*YOUR TASK*
Give the listing again, word for word, and let no picture into it.

*STORED DATA*
====
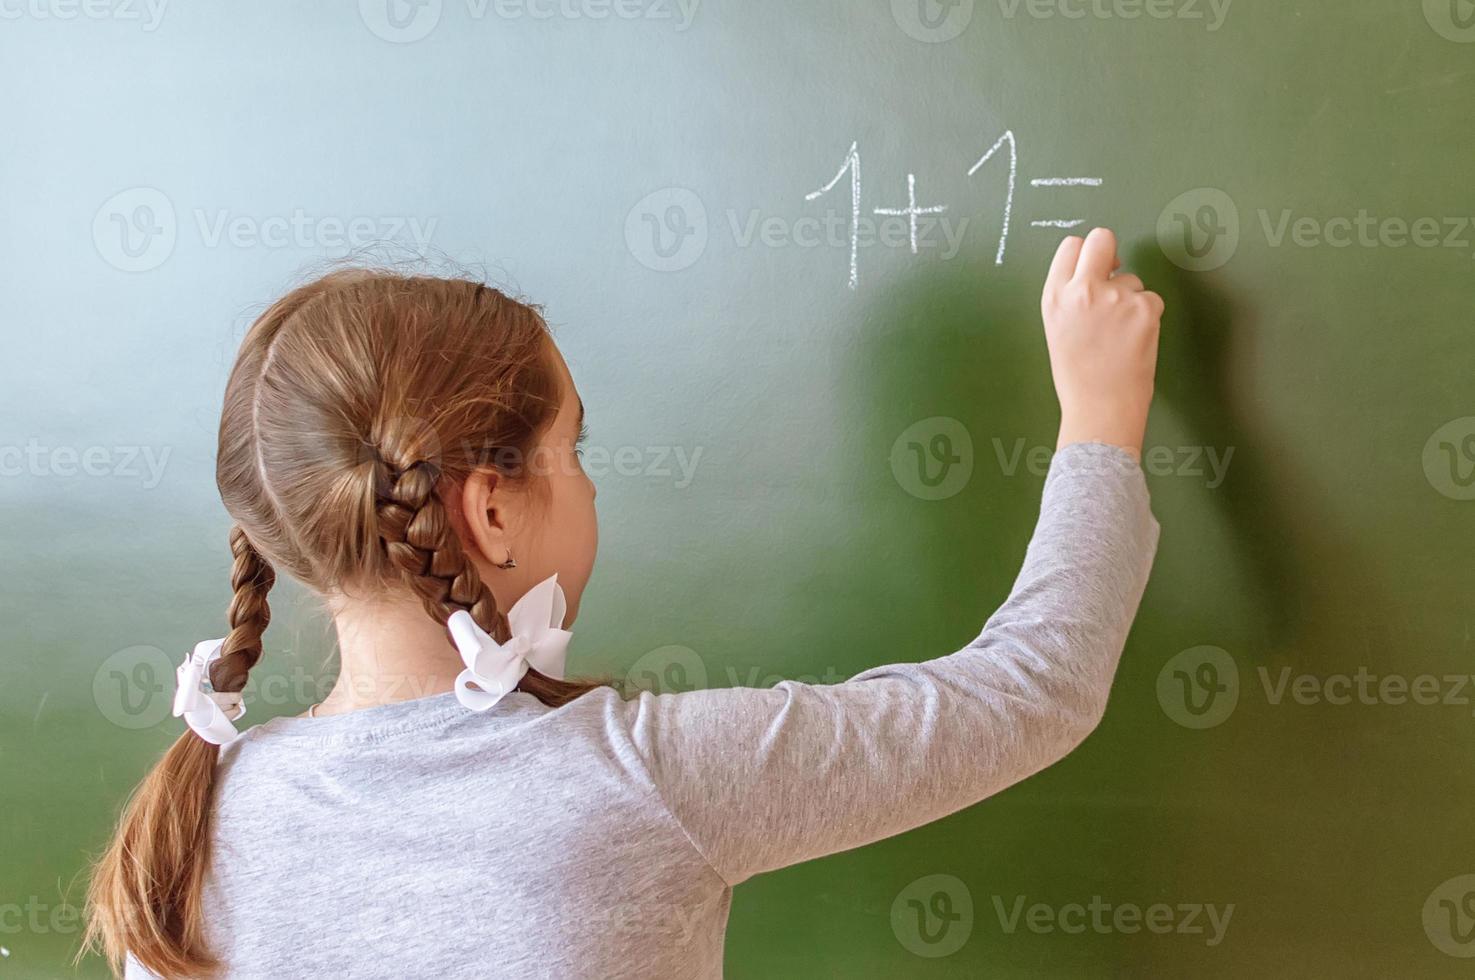 Schoolgirl solves a math problem on the blackboard during the lesson. photo
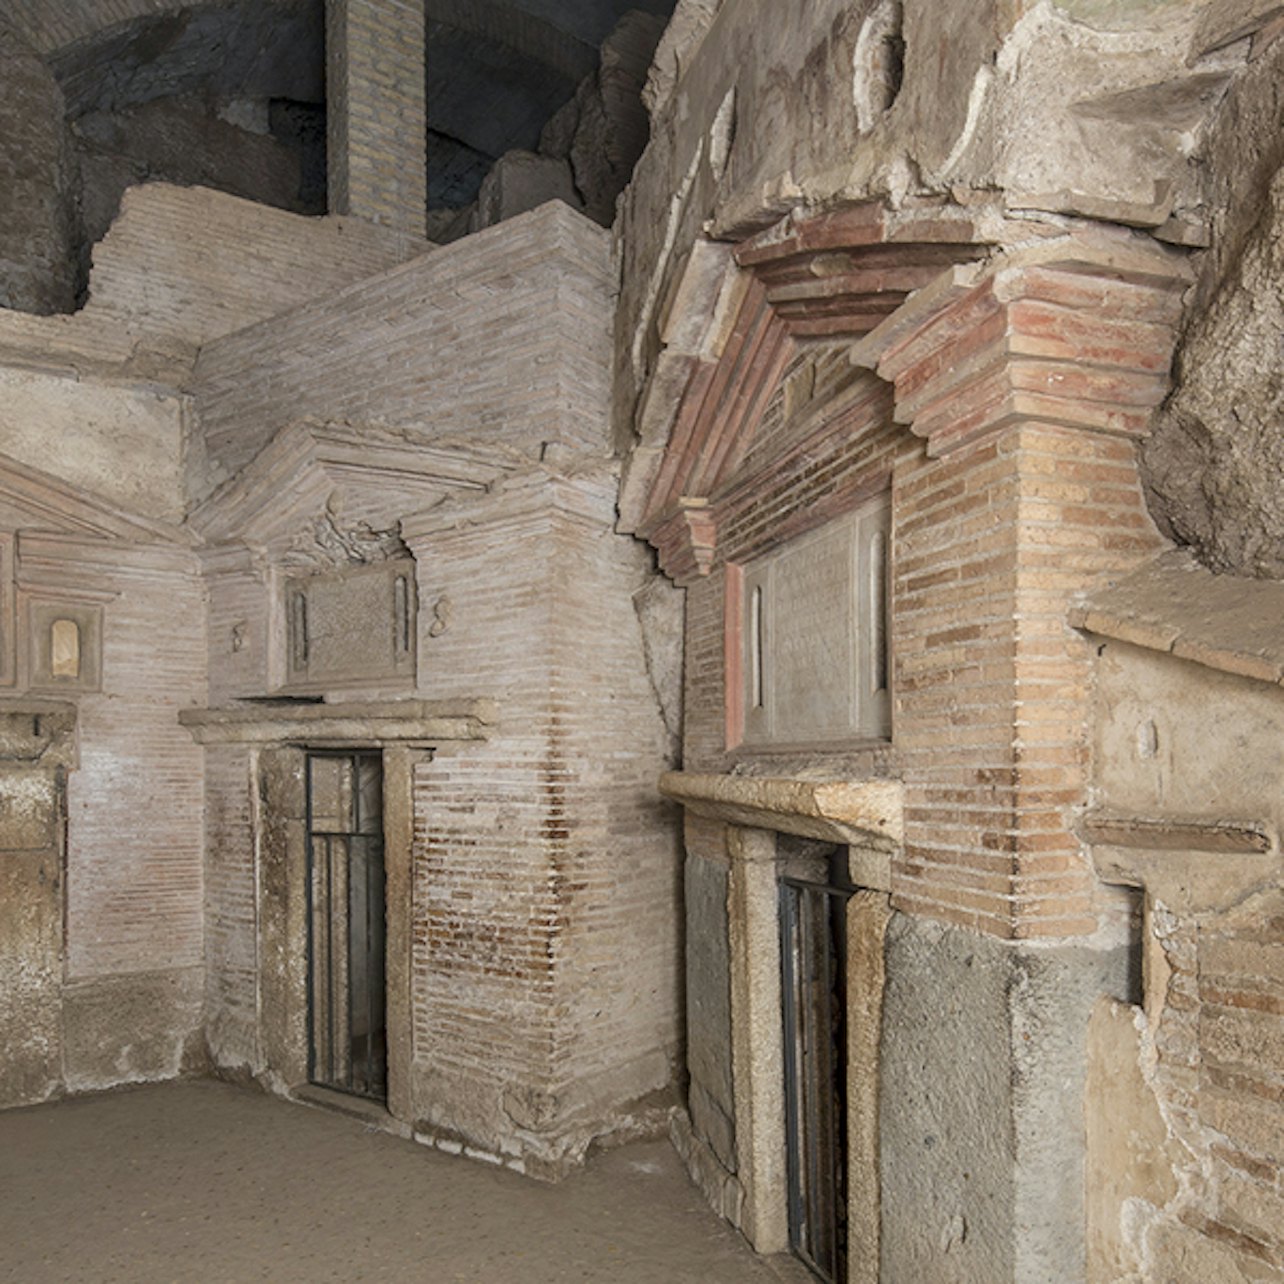 The Catacombs of San Sebastiano: Guided Tour - Accommodations in Rome
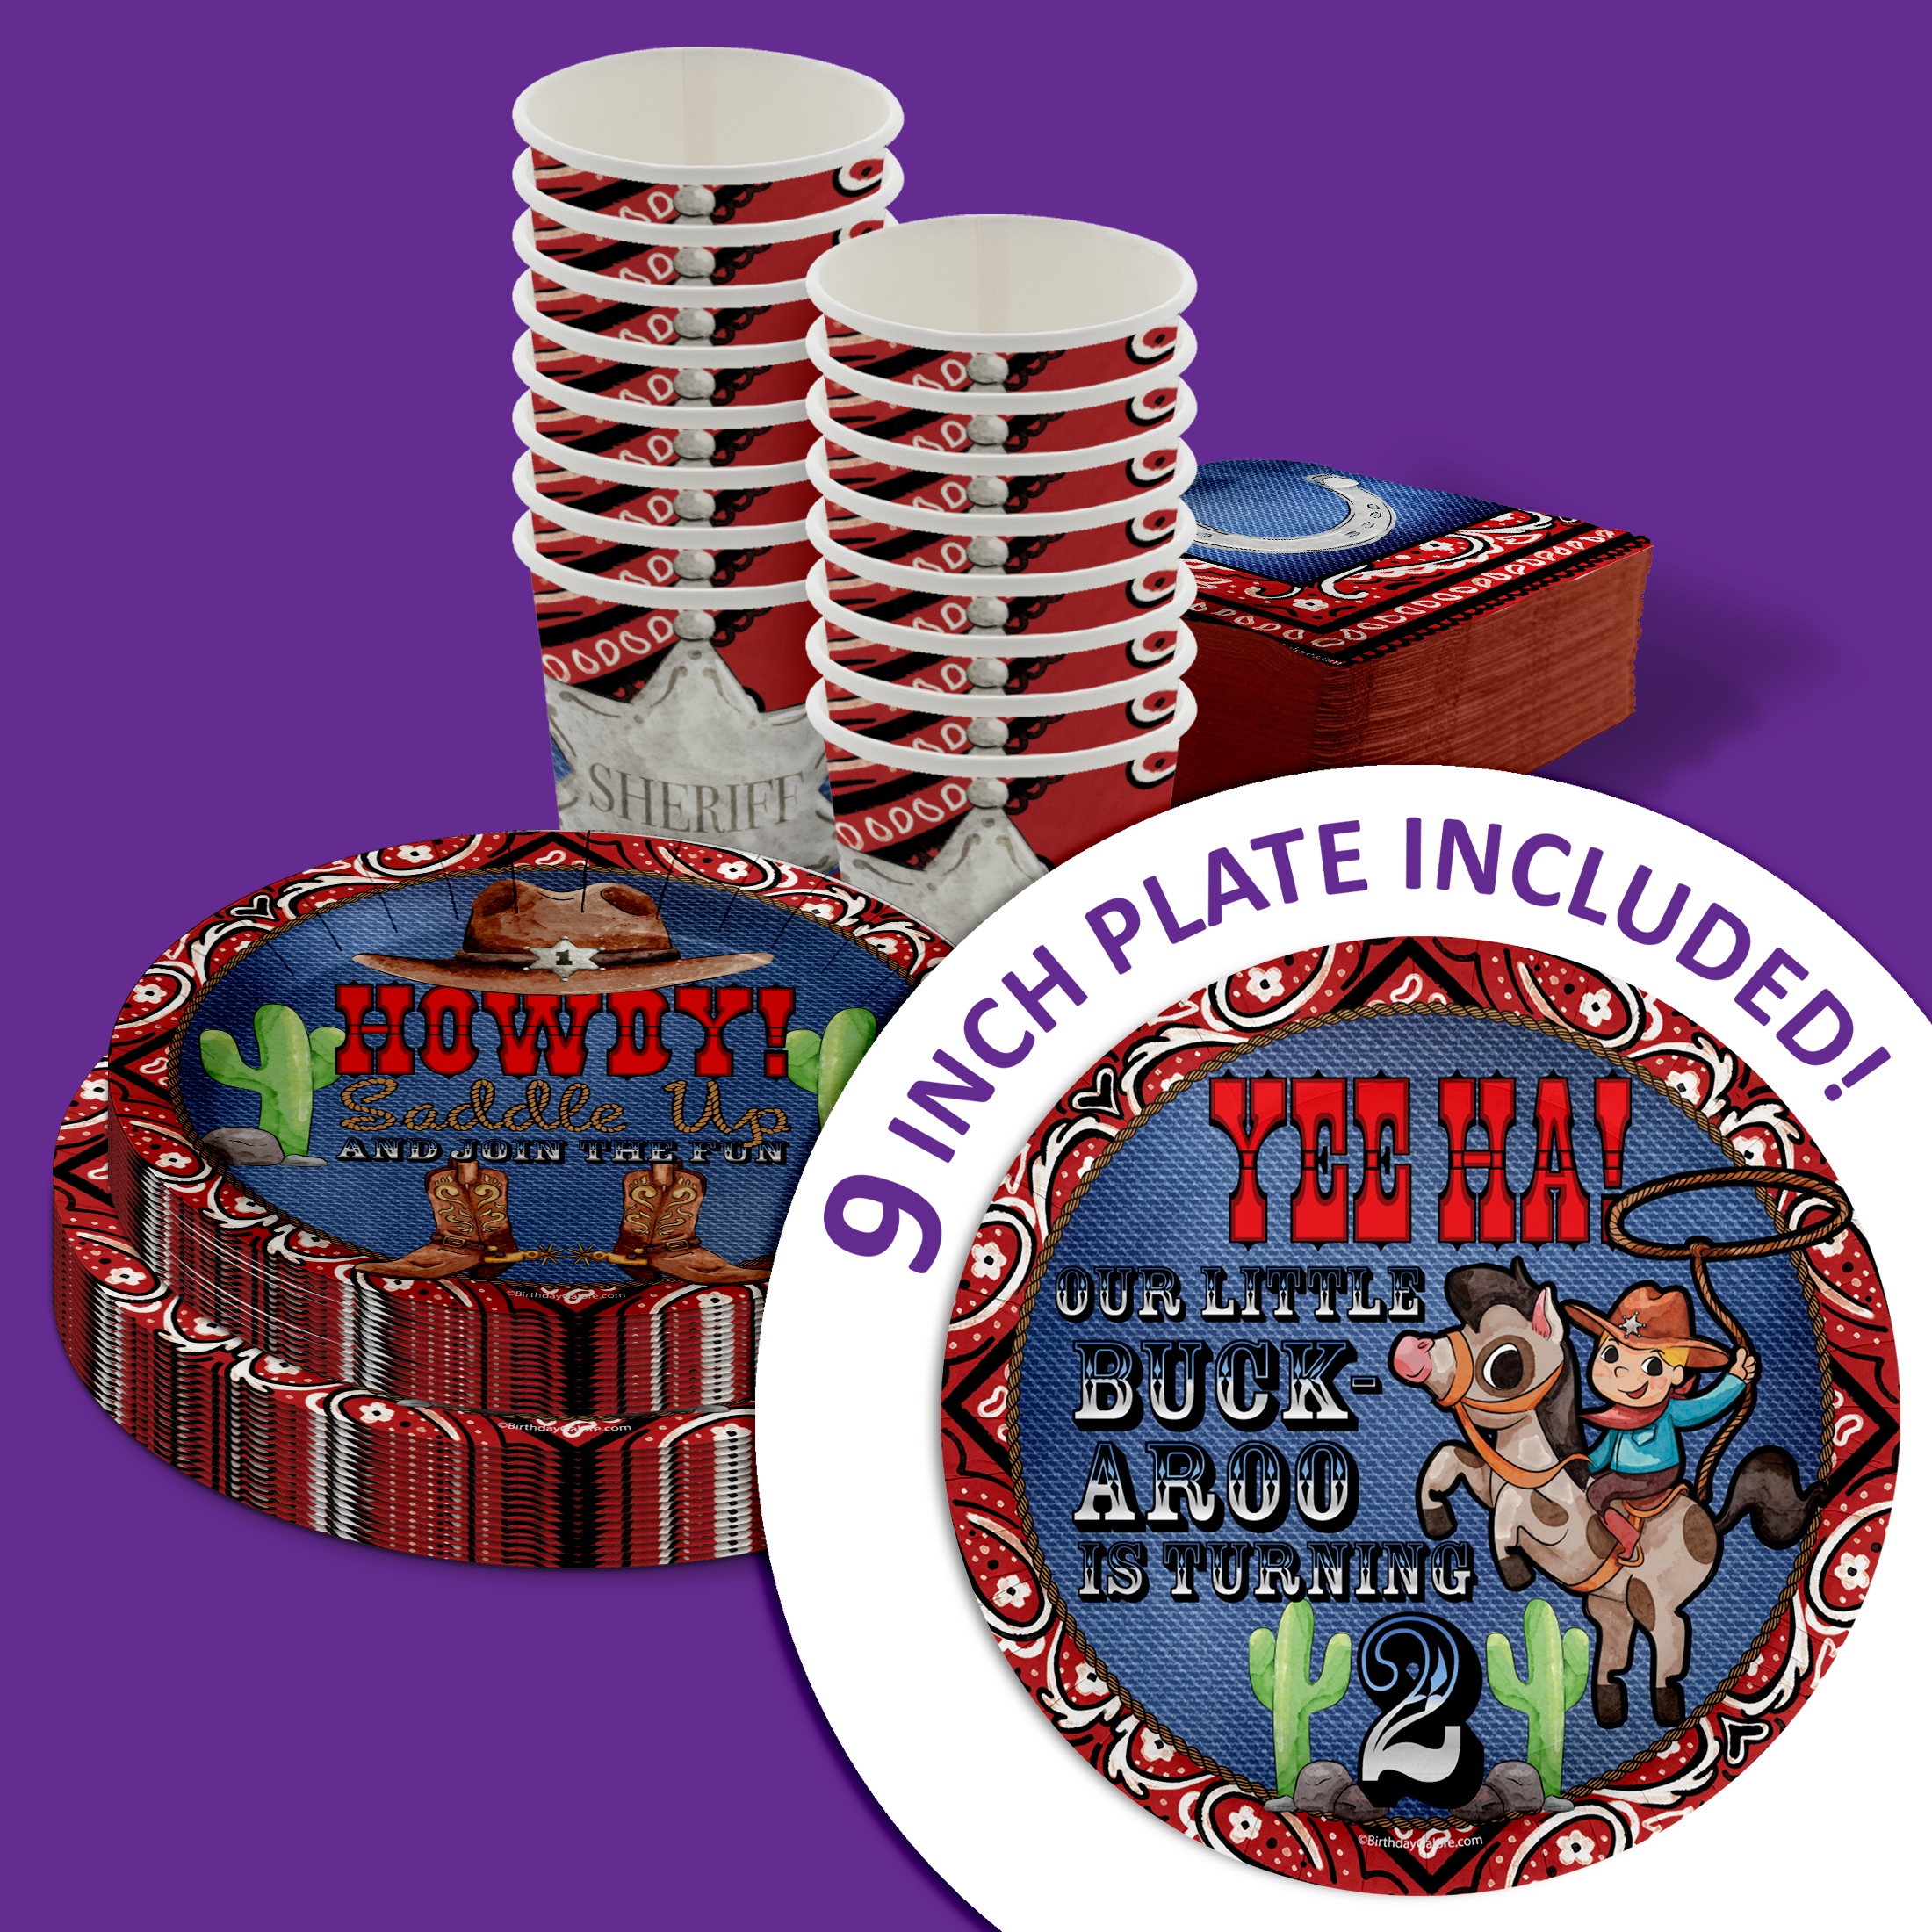 Our Little Buckaroo is Turning Two 2nd Birthday Party Supplies 64 Piece Tableware Set Includes Large 9" Paper Plates Dessert Plates, Cups and Napkins Kit for 16
====
*ANSWER AREA*
 Schoolgirl solves a math problem on the blackboard during the lesson. photo
 The Catacombs of San Sebastiano: Guided Tour - Accommodations in Rome
 Our Little Buckaroo is Turning Two 2nd Birthday Party Supplies 64 Piece Tableware Set Includes Large 9" Paper Plates Dessert Plates, Cups and Napkins Kit for 16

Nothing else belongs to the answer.